Records:

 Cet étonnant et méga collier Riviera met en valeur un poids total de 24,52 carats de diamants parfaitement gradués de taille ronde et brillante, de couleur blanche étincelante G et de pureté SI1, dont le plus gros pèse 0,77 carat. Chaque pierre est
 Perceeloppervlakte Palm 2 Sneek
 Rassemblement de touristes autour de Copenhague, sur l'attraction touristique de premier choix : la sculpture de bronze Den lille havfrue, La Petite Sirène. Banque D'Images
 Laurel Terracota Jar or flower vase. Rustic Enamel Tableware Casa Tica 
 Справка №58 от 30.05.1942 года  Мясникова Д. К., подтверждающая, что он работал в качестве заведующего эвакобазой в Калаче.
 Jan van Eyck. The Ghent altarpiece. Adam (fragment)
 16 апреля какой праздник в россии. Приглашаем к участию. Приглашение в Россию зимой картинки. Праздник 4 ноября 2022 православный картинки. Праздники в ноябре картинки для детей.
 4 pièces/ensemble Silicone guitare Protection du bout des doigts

Exercise prompt:
The full listing needs to be output again, exactly as it reads.

Your response:
 Cet étonnant et méga collier Riviera met en valeur un poids total de 24,52 carats de diamants parfaitement gradués de taille ronde et brillante, de couleur blanche étincelante G et de pureté SI1, dont le plus gros pèse 0,77 carat. Chaque pierre est
 Perceeloppervlakte Palm 2 Sneek
 Rassemblement de touristes autour de Copenhague, sur l'attraction touristique de premier choix : la sculpture de bronze Den lille havfrue, La Petite Sirène. Banque D'Images
 Laurel Terracota Jar or flower vase. Rustic Enamel Tableware Casa Tica 
 Справка №58 от 30.05.1942 года  Мясникова Д. К., подтверждающая, что он работал в качестве заведующего эвакобазой в Калаче.
 Jan van Eyck. The Ghent altarpiece. Adam (fragment)
 16 апреля какой праздник в россии. Приглашаем к участию. Приглашение в Россию зимой картинки. Праздник 4 ноября 2022 православный картинки. Праздники в ноябре картинки для детей.
 4 pièces/ensemble Silicone guitare Protection du bout des doigts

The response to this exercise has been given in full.